А когда хозяюшка пришла со стопкой постельного белья, Евгений уже крепко спал, подложив руку под красивую, благородных кровей, голову.
«Давно не слышала я в этом доме мужского храпа, – с грустью улыбнулась Матрена, – с того самого времени, как ушел на фронт мой Гришенька».
А утром Труханов испарился, даже не оставив ей малюсенькой записочки, только на столе лежал туго спеленатый сверток, судя по монотонному тиканью, с каким-то часовым механизмом.
«Надо непременно развернуть подозрительный пакет, но некогда. Если опоздаю, накажут, – пролетело в голове у насторожившейся женщины, – Впрочем, не бомба же лежит у нее в доме. Евгений был популярным в широких кругах коммунистом, которого уважал даже ее ненаглядный супруг»…

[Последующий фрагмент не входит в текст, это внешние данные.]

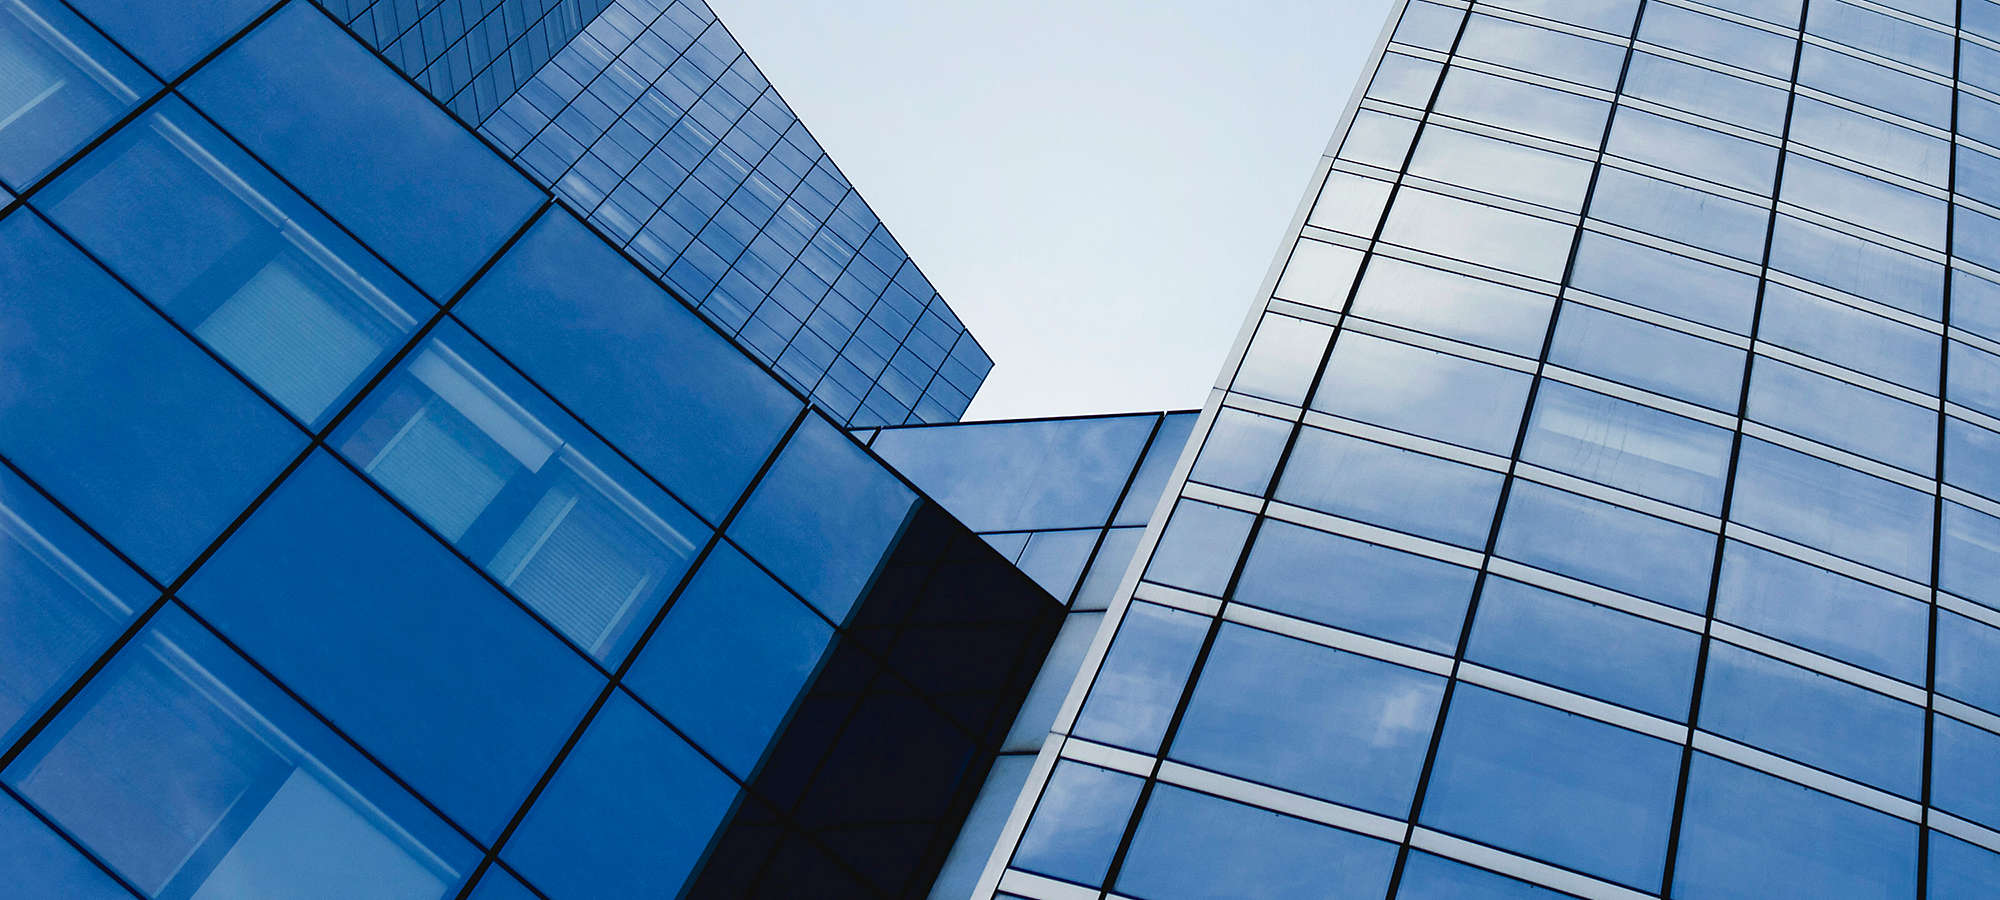 Facade of Skyscrapers Banner

На плите стоял холодный чайник, который никак не желал закипать, и Мотенька решила не дожидаться единственного оставшегося в доме напитка, настоянного на сухой тертой морковке. Она устало рухнула на стул и, налив из банки холодной воды, принялась с жадностью поедать принесенную Трухановым вчера вечером пищу, о вкусе которой успела уже подзабыть.